National Historic Monument of Argentina
- Designated: May 21, 1942

= Museo Mitre =

History museum in Buenos Aires, Argentina

The Mitre Museum (Museo Mitre) in Buenos Aires, Argentina, is a museum dedicated to Argentine history, as well as to the legacy of former President of Argentina, Bartolomé Mitre. The museum building is a Spanish colonial house built in 1785. It first appears in Argentine history as the refuge of the last Viceroy of Río de la Plata, Baltasar Hidalgo de Cisneros, following the May Revolution of 1810. In 1860 the house was rented by General Bartolomé Mitre in 1860, and was his residence during his tenure as the 6th President of Argentina between 1862 and 1868.

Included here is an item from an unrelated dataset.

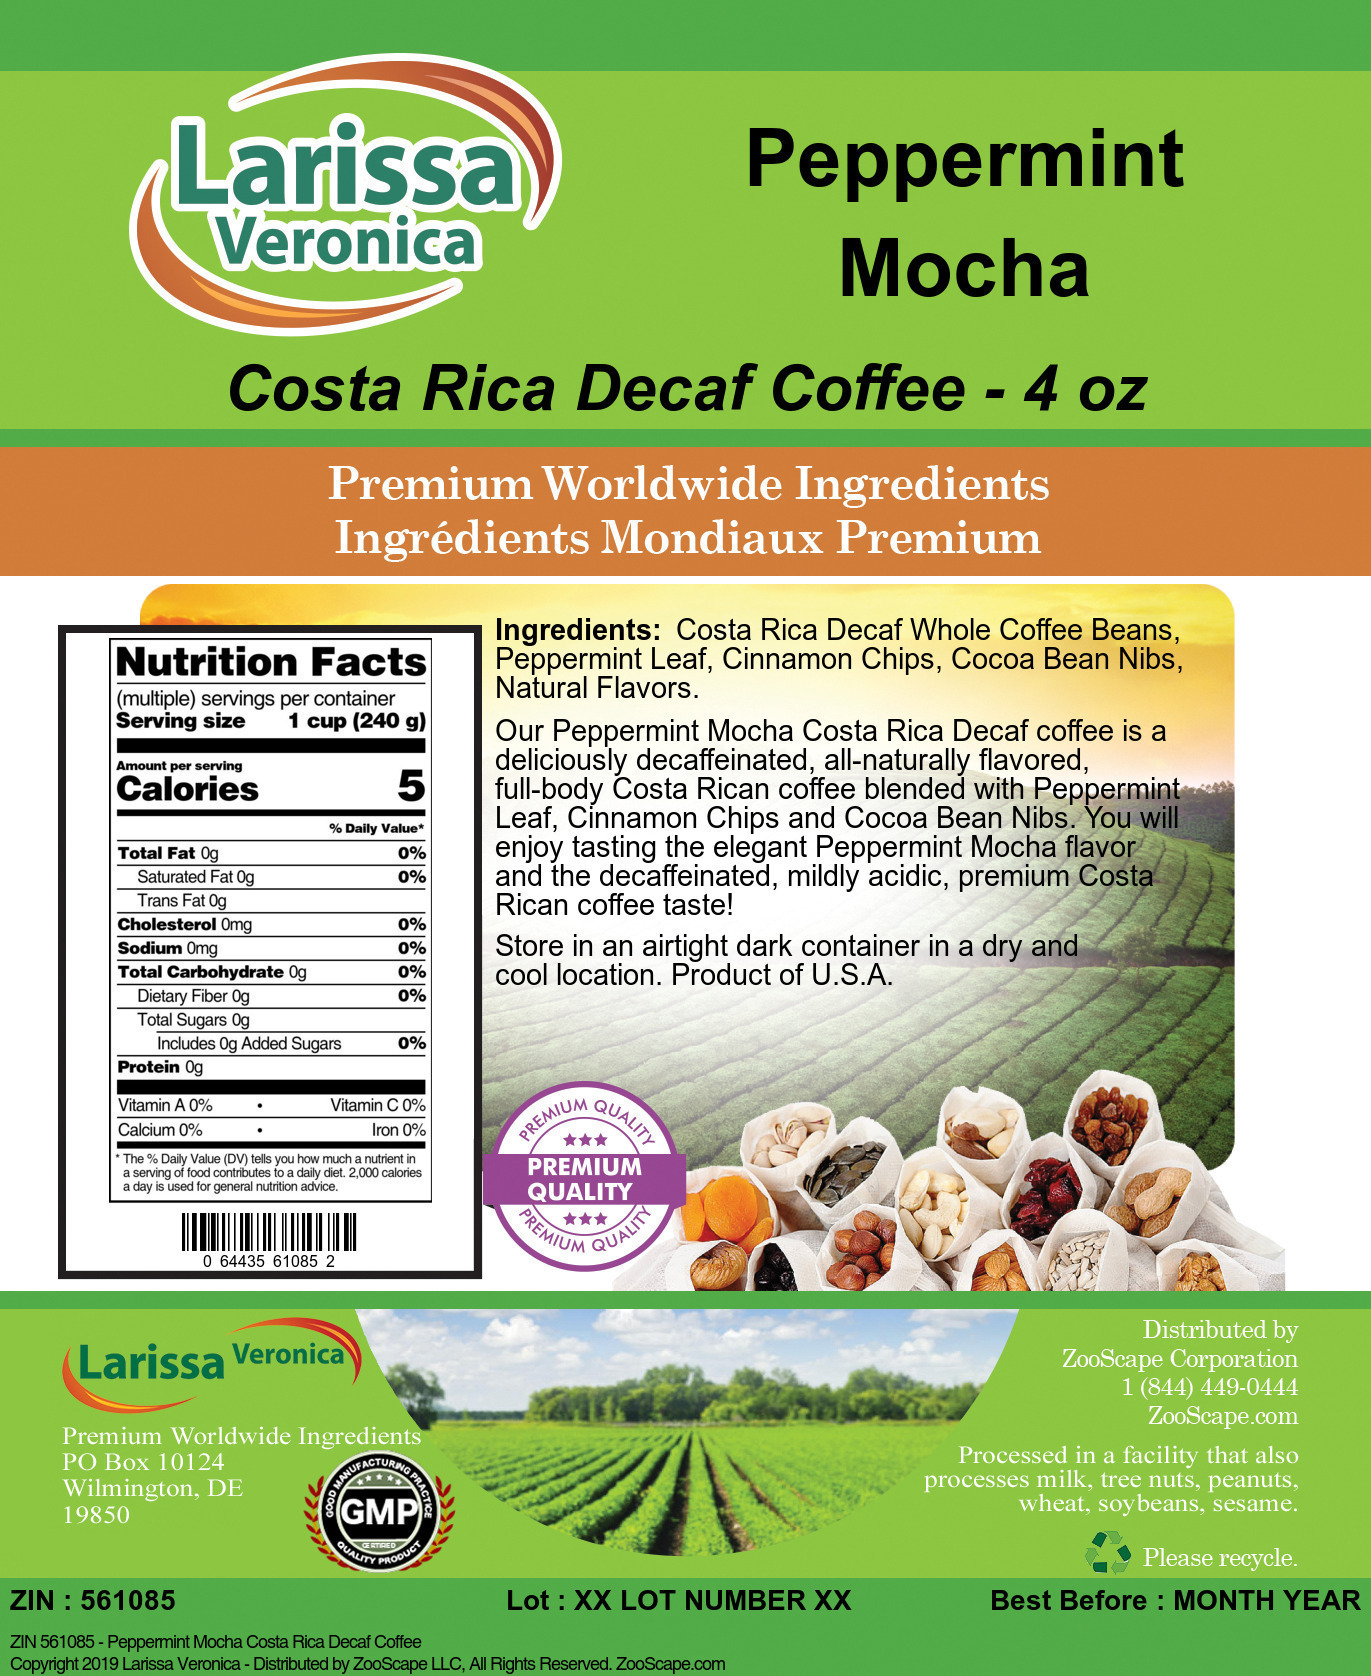 Peppermint Mocha Costa Rica Decaf Coffee - Label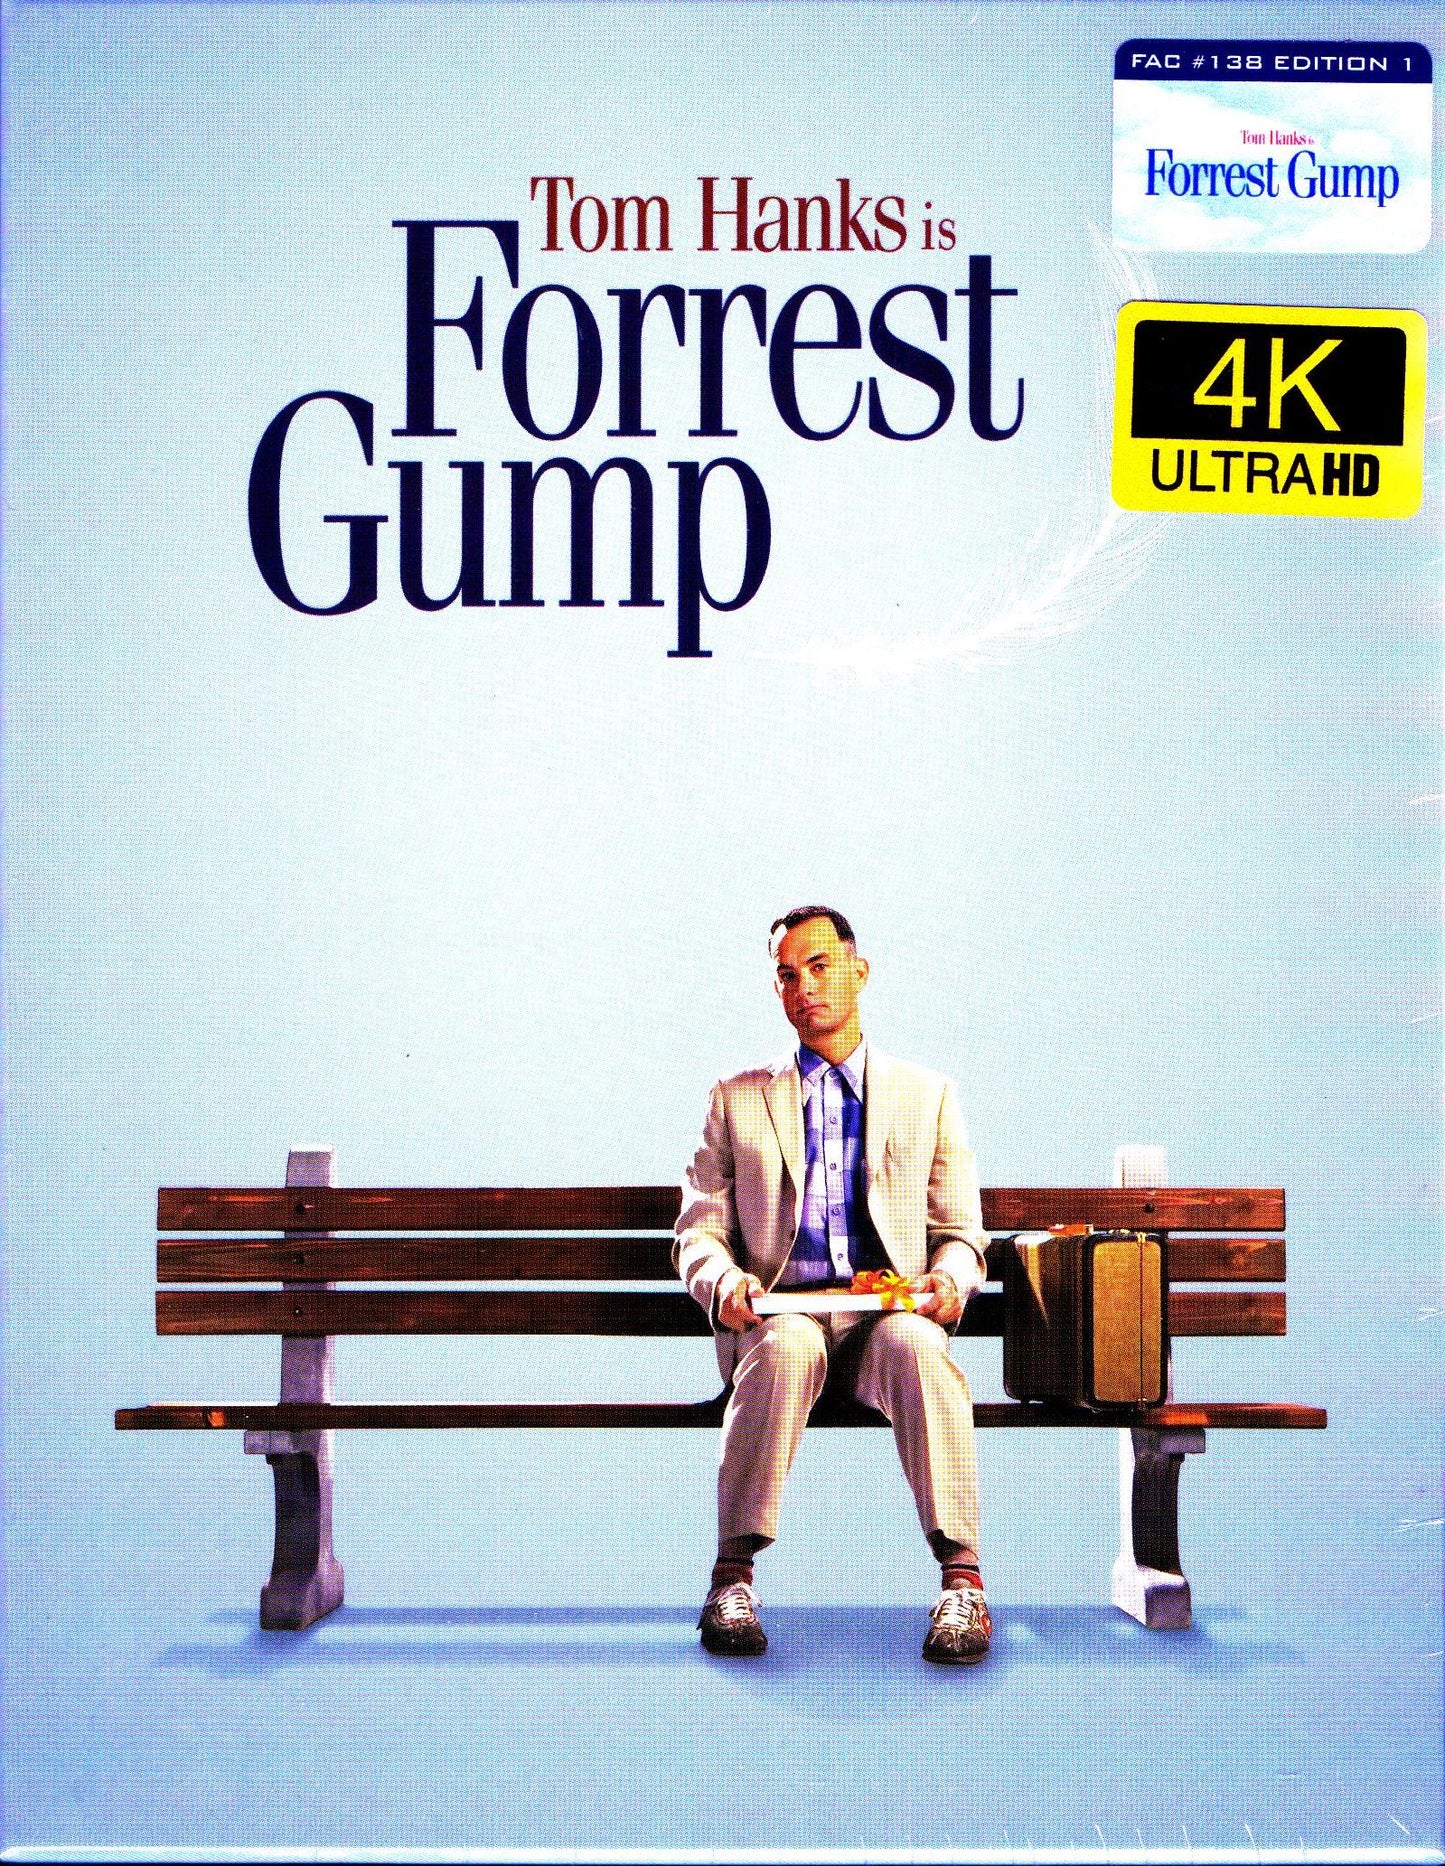 Forrest Gump 4K XL 1-Click SteelBook (FAC#138)(Czech)

In 1868 the house was purchased and donated to Mitre by a group of local citizens in recognition of his term as president, as well as for his contributions to national unity; he lived there until his death in 1906. La Nación, one of the nation's oldest and most influential dailies, was published here from its establishment in 1870, until 1895.

== Overview ==
The house was purchased by the National Government via Law 4,943, in June of that year, and on June 3, 1907, the Mitre Museum opened its doors to the public. The museum's first director, Alejandro Rosa, had founded the Western Hemisphere Historic and Numismatic Society with Mitre in 1893, and following the classification of Mitre's extensive ethnolinguistic library, numismatic and other collections, the society was located in the museum from 1918 until 1971 (it was rechartered as the National Academy of History of Argentina in 1938).

The historic archive of the museum is among the largest archives in Argentina due to its historic relevance, with about 53,200 files. Most of them were part of the Bartolomé Mitre's private collection. The library has about 100,000 items including books, magazines, CDs, DVDs, and microfilms.

The museum was declared a National Historic Monument on May 21, 1942, and is maintained by the National Secretariat of Culture. The museum can be seen on some Argentine two peso bills.